Autogipfel Ausbau Ladenetz
25.06.2019 Politik von: Redaktion

Autogipfel: Masterplan für ausgebautes E-Ladenetz

Die Bundesregierung und die Autobranche haben sich am Montagabend im Kanzleramt auf den Ausbau der Ladeinfrastruktur für Elektroautos verständigt. Die Elektromobilität sei der größte Hebel für den Klimaschutz; ein ausgebautes Ladenetz sorge für die höchste Kundenakzeptanz.

Bundesregierung und Autobranche wollen den Ausbau des E-Auto-Ladenetzes mit einem sogenannten Masterplan vorantreiben. Das habe man bei einem erneuten „Auto-Gipfel“ am 24.06.2019 im Kanzleramt beschlossen, wie die Tagesschau berichtet. Der Plan solle alles Erforderliche klären, um die Ladeinfrastruktur so auszubauen, dass bis 2030 sieben bis 10,5 Millionen E-Fahrzeuge auf der Straße sein könnten, so der Präsident des Verbands der Automobilindustrie (VDA), Bernhard Mattes.
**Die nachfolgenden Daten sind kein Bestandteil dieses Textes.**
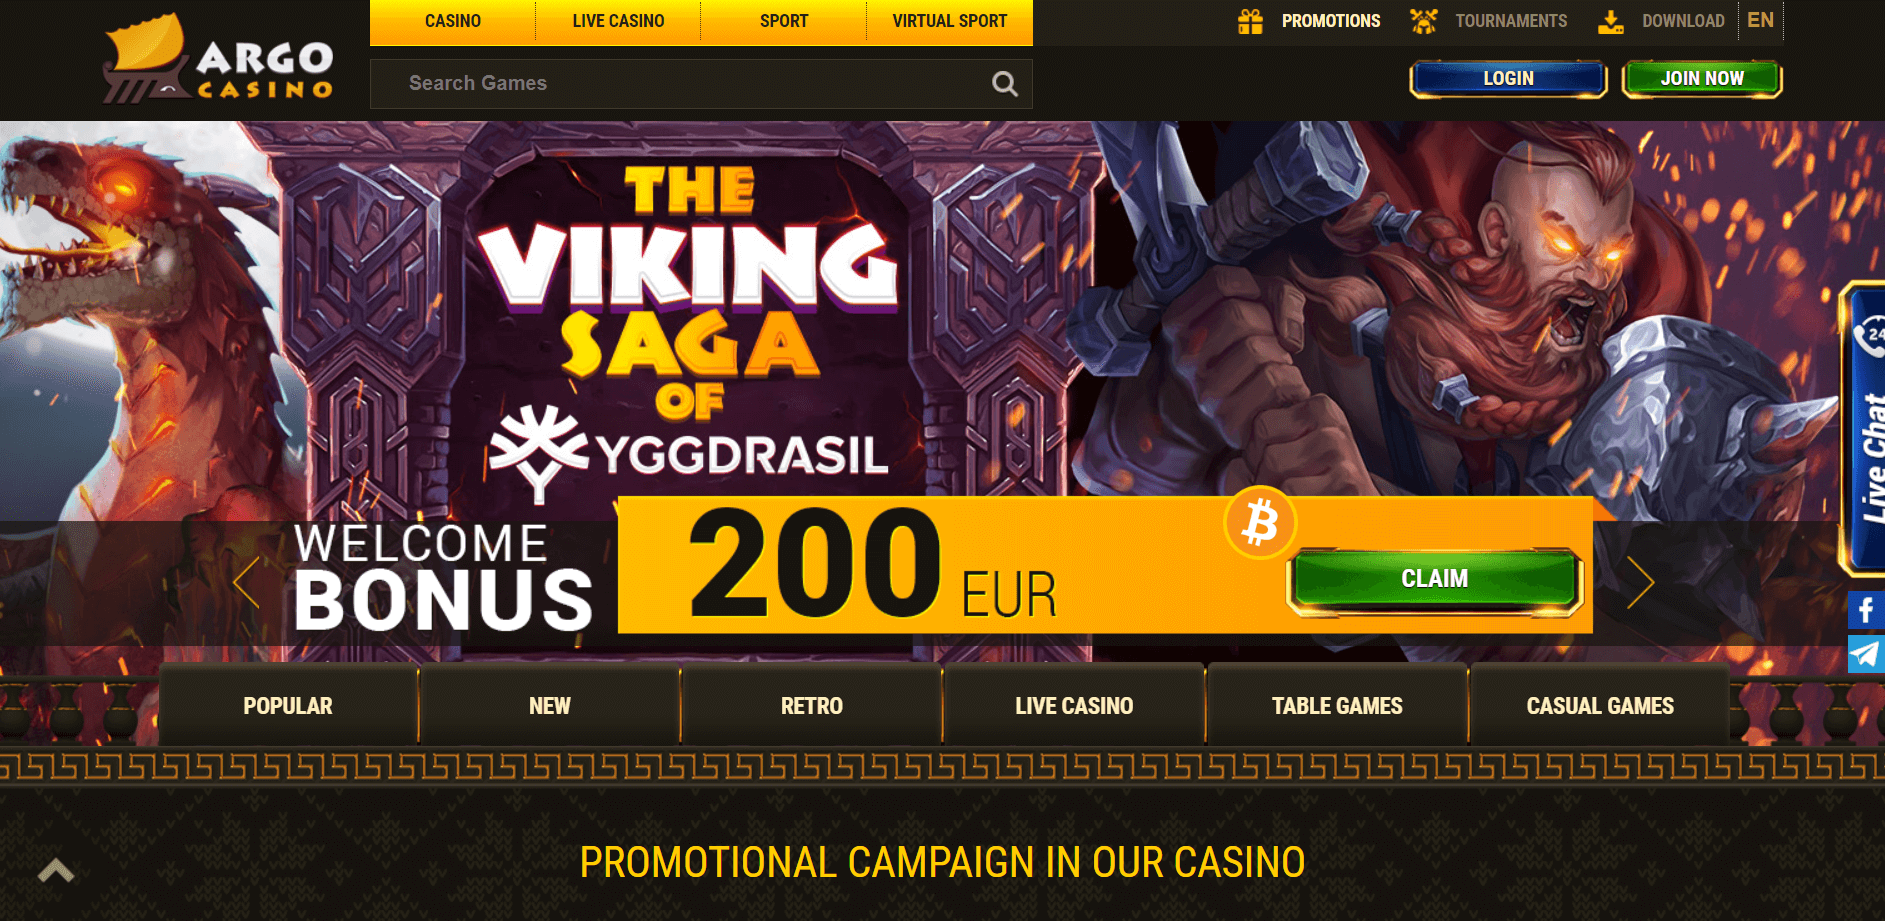 Prism Casino No Deposit Bonus Codes May 2020
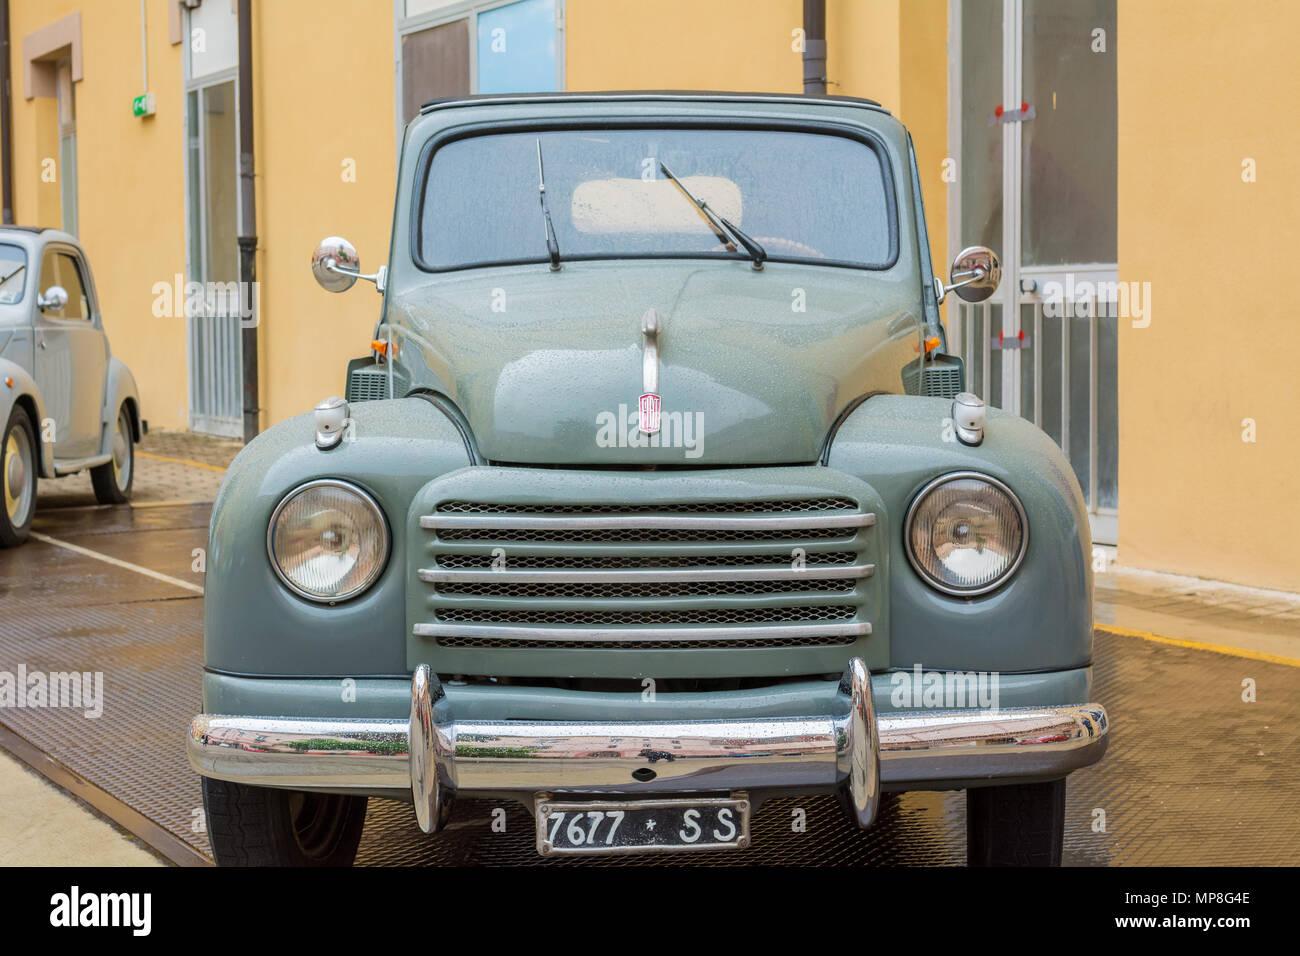 FIAT 500 C 'Topolino' (1950) -  a classic vintage italian car, Cagliari, Sardinia, Italy - Stock Image

Grundstein für Klimaschutzziele

Das Vorhaben ist ein Ergebnis des Treffens von Branchenvertretern und den Spitzen der Koalition am späten Montagabend im Kanzleramt. An dem gut dreistündigen Treffen bei Kanzlerin Angela Merkel (CDU) nahmen unter anderem VW-Chef Herbert Diess und BMW-Chef Harald Krüger teil. Auch Wirtschaftsminister Peter Altmaier (CDU), Umweltministerin Svenja Schulze (SPD) und Finanzminister Olaf Scholz (SPD) kamen dazu. Industrie, Gewerkschaften und Politik hätten „einen guten Grundstein“ für vernünftige Maßnahmen gelegt, um die Klimaschutzziele zu erreichen, sagte Mattes. Bei einem weiteren Treffen sollen die Maßnahmen erörtert werden und Beschlüsse folgen.

Zehneinhalb Millionen Elektroautos

Zehneinhalb Millionen E-Autos auf deutschen Straßen bräuchte es laut VDA-Chef, damit die Bundesrepublik die Klimaziele erreicht. Mit dem vereinbarten Plan soll zunächst geklärt werden, wie man in Deutschland das Ladenetz dementsprechend ausbaut. Ladestellen seien einer der wesentlichen Punkte für die Kundenakzeptanz von E-Mobilität, so Mattes weiter.

Elektromobilität: der größte Hebel für den Klimaschutz

Mit Blick auf die Klimaschutz-Ziele 2030 sei eine starke Konzentration auf den „größten Hebel“ notwendig, so Mattes – und das sei die Elektromobilität. Langfristig müssten allerdings „weitere Alternativen hinzukommen, die für andere Anwendungen sinnvoll seien“.